Bases: FIFOScheduler

Single-fidelity variant of BOHB

Combines FIFOScheduler with TPE-like Bayesian optimization, using kernel density estimators.

See KernelDensityEstimator for kwargs["search_options"] parameters.

Parameters:
  • config_space (Dict[str, Any]) – Configuration space for evaluation function

  • metric (str) – Name of metric to optimize

  • kwargs – Additional arguments to FIFOScheduler

class syne_tune.optimizer.baselines.CQR(config_space, metric, mode='min', random_seed=None, **kwargs)[source]

Bases: FIFOScheduler

Single-fidelity Conformal Quantile Regression approach proposed in:
Optimizing Hyperparameters with Conformal Quantile Regression.
David Salinas, Jacek Golebiowski, Aaron Klein, Matthias Seeger, Cedric Archambeau.
ICML 2023.

The method predict quantile performance with gradient boosted trees and calibrate prediction with conformal predictions.
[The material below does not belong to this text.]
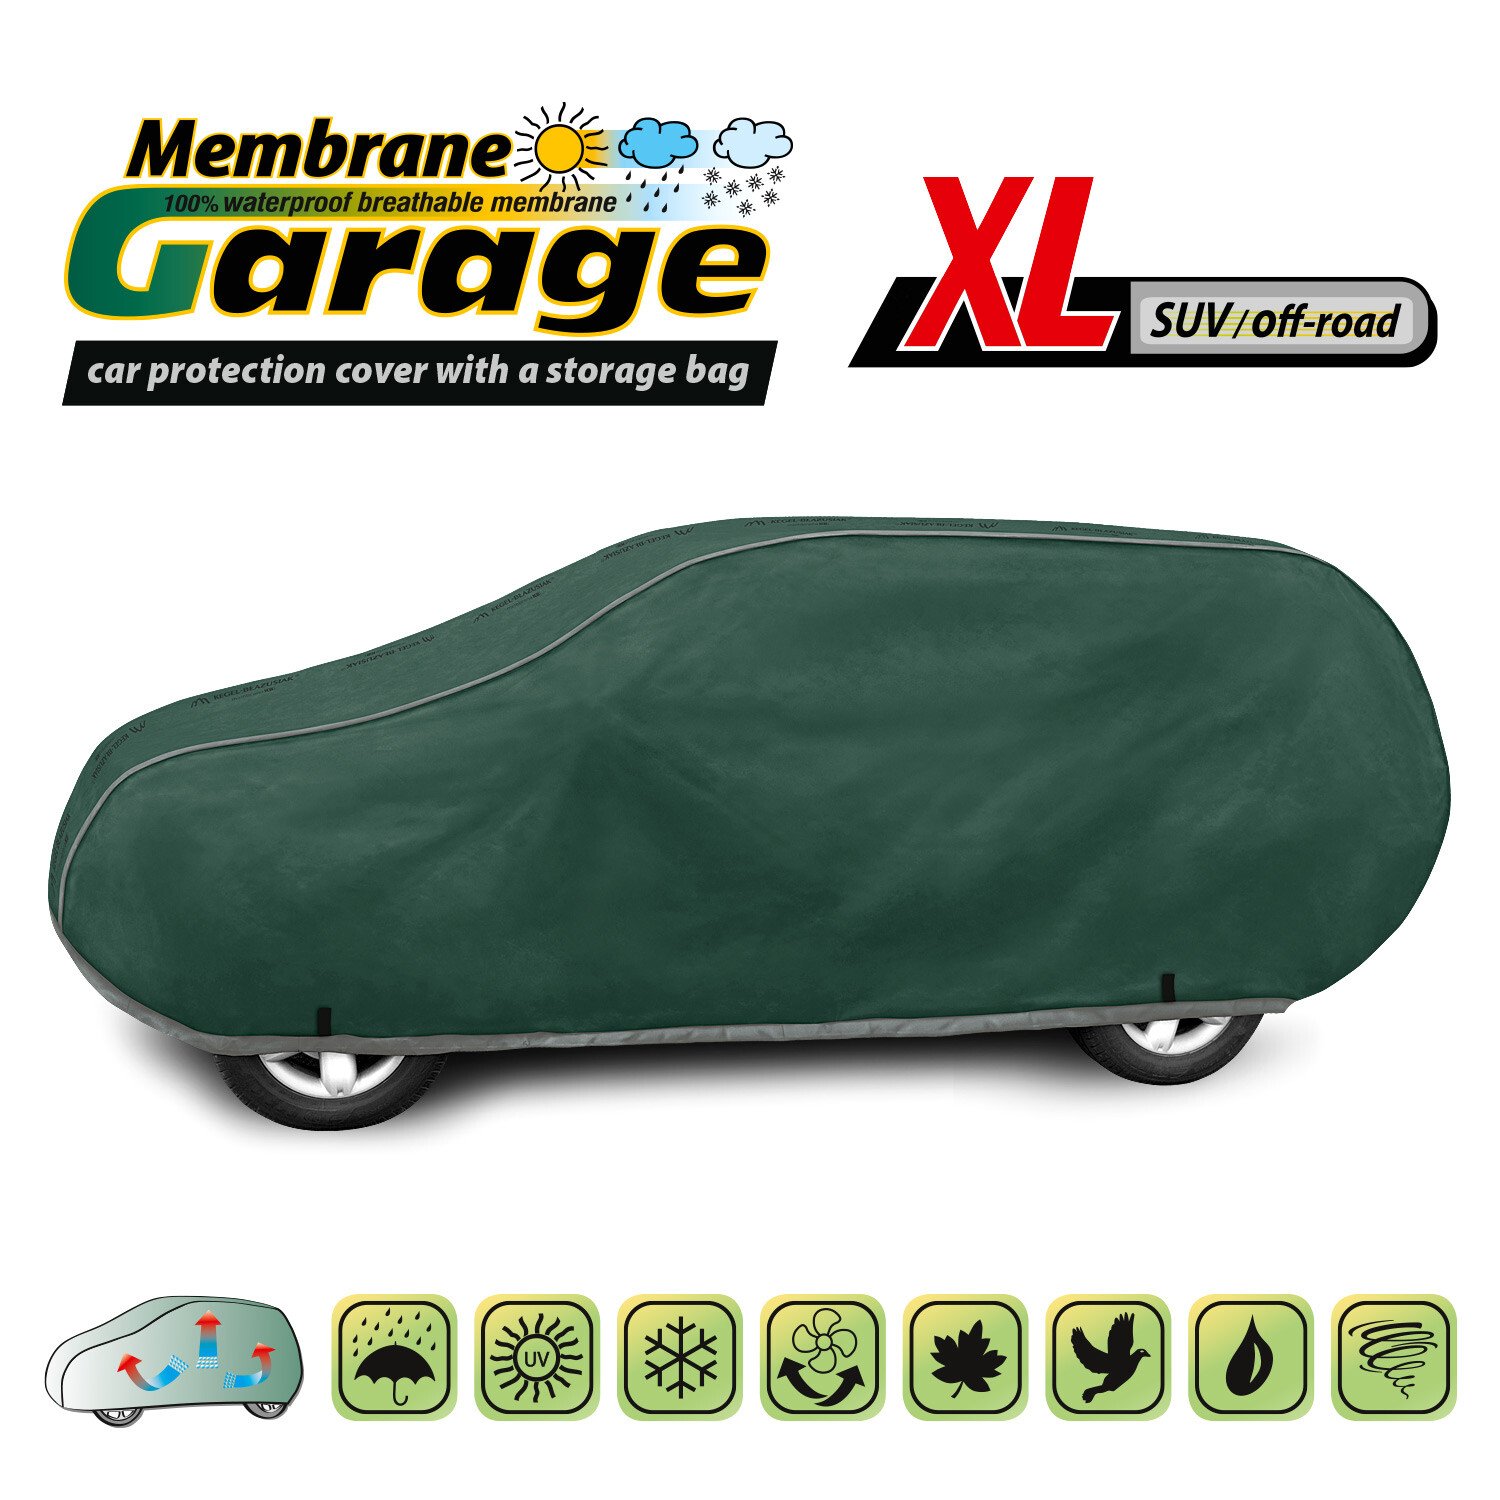 Membrane Garage full car cover, completely waterproof and breathable - XL - SUV/Off-Road thumb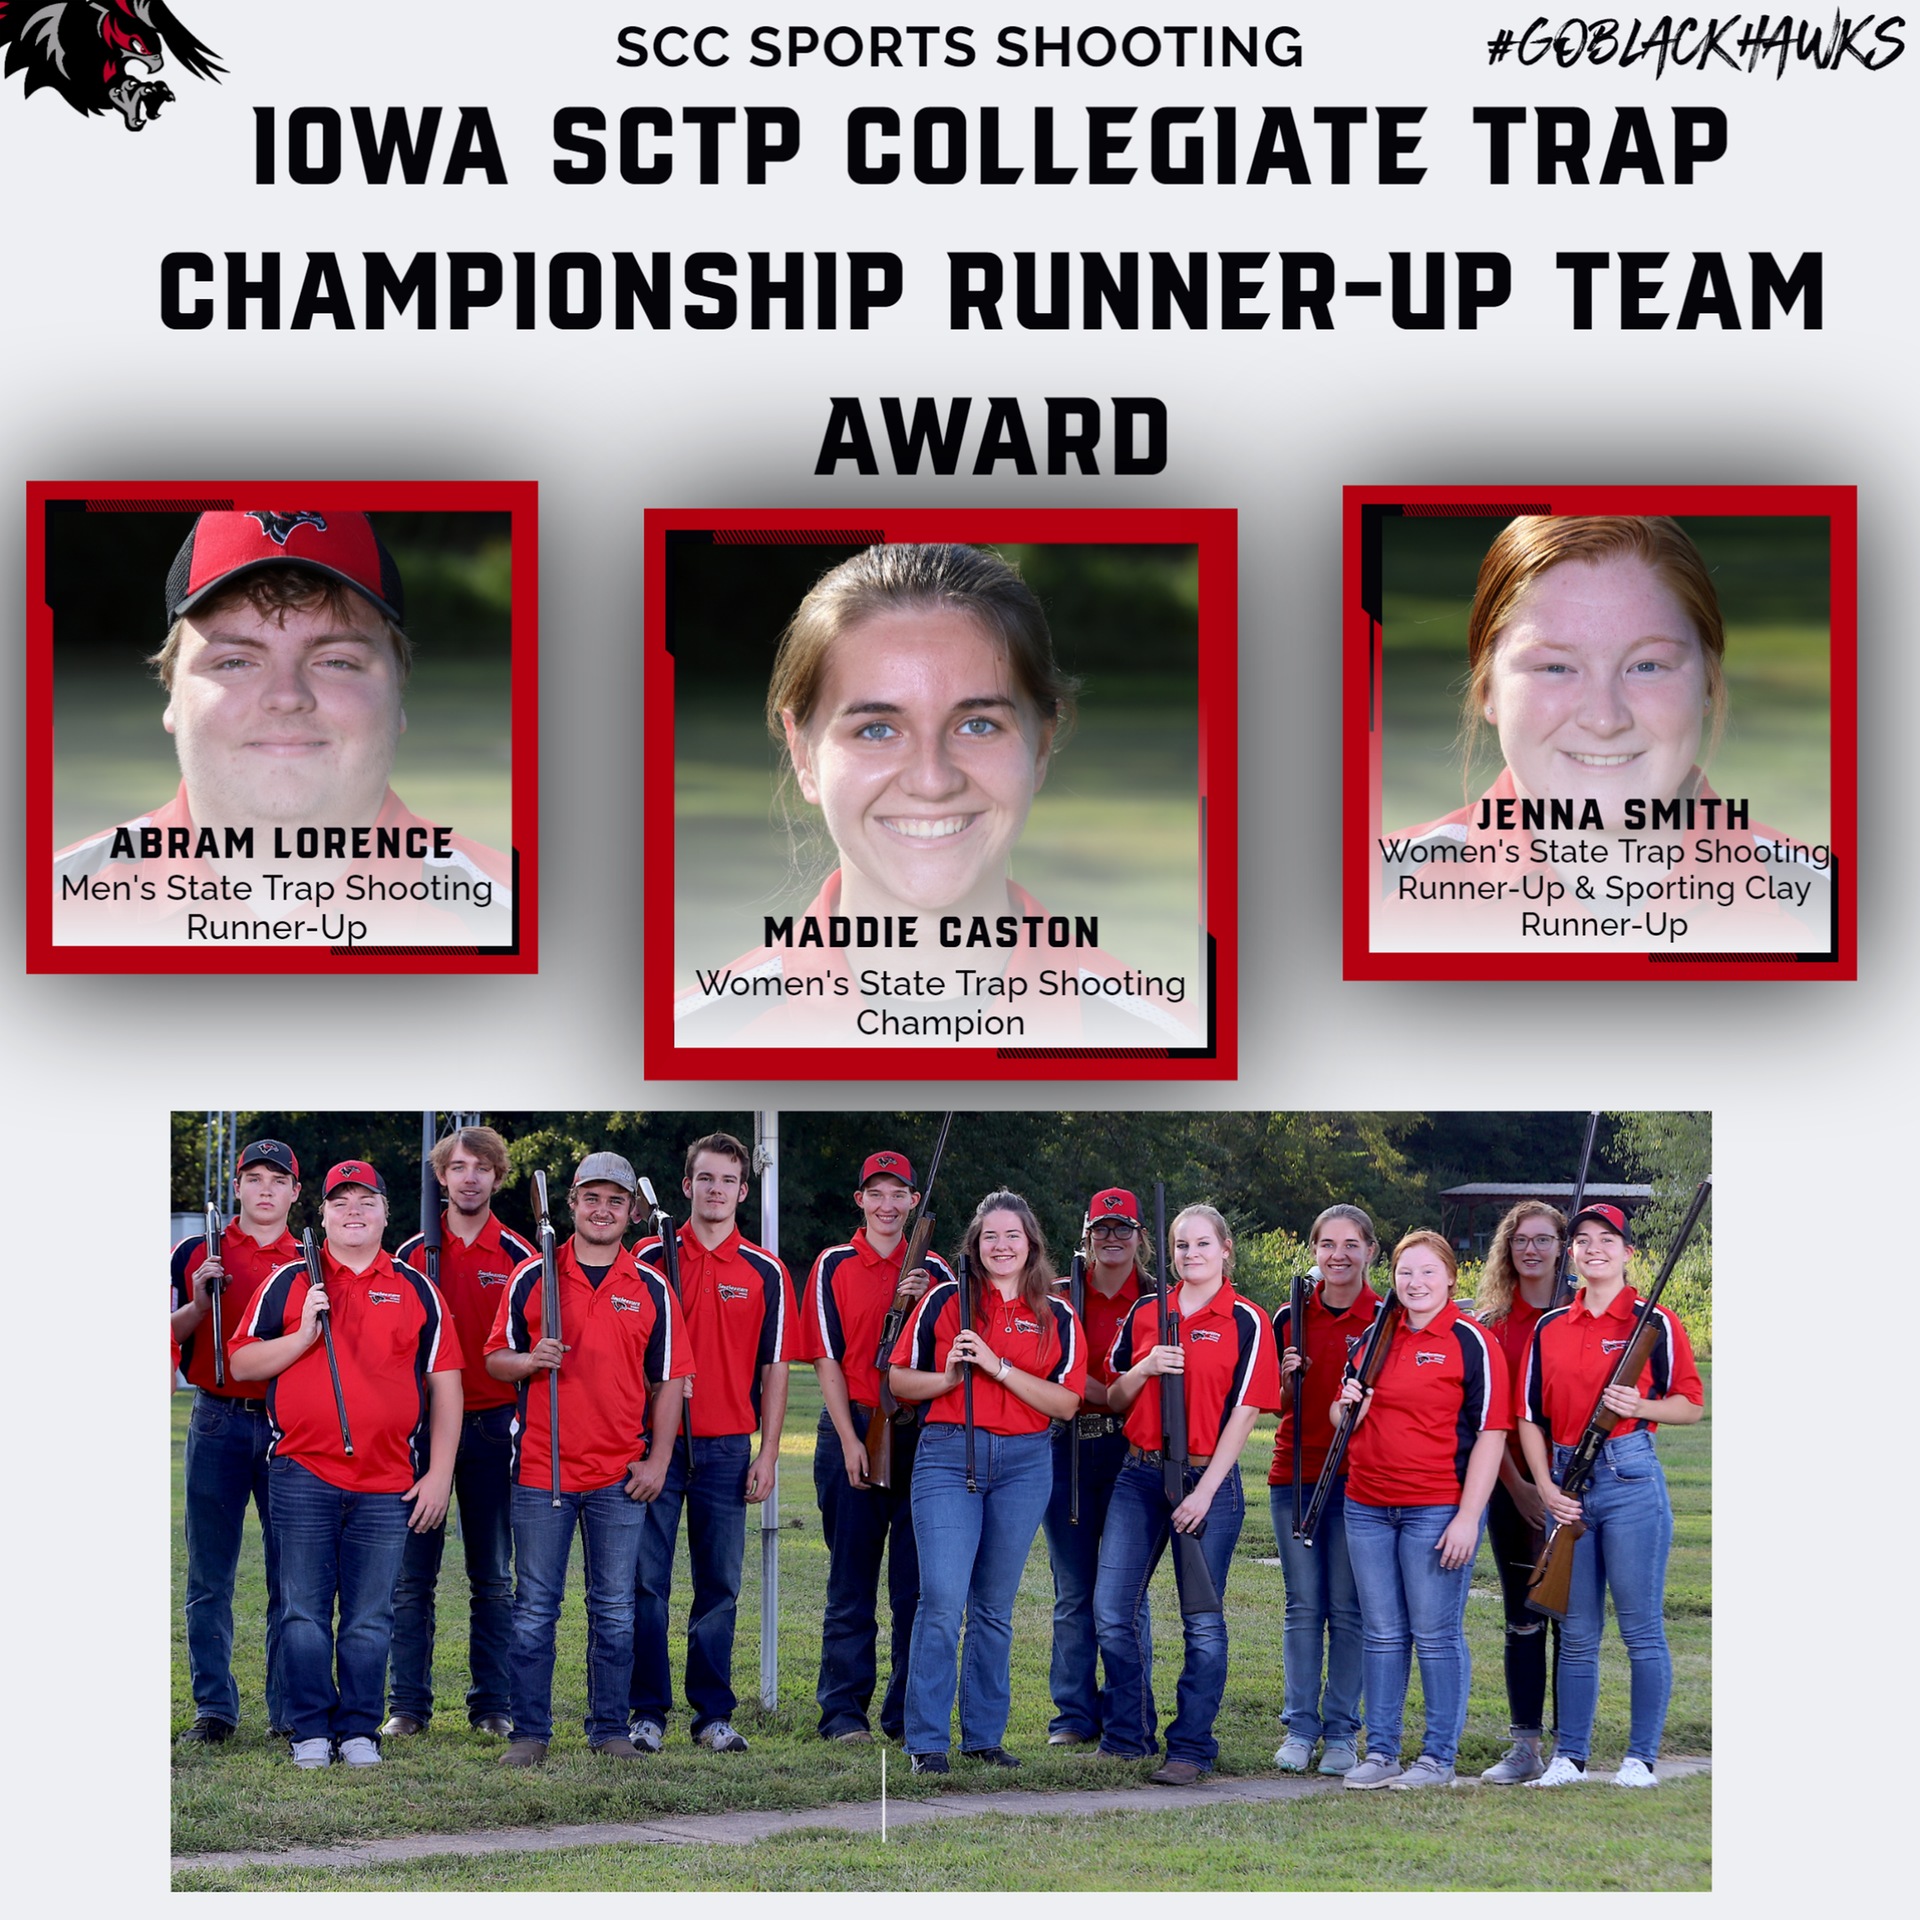 Sports Shooting Earns Iowa SCTP Collegiate Trap Runner-Up Award

class syne_tune.optimizer.baselines.ASHACQR(config_space, metric, resource_attr, mode='min', random_seed=None, **kwargs)[source]

Bases: HyperbandScheduler

Multi-fidelity Conformal Quantile Regression approach proposed in:
Optimizing Hyperparameters with Conformal Quantile Regression.
David Salinas, Jacek Golebiowski, Aaron Klein, Matthias Seeger, Cedric Archambeau.
ICML 2023.

The method predict quantile performance with gradient boosted trees and calibrate prediction with conformal predictions.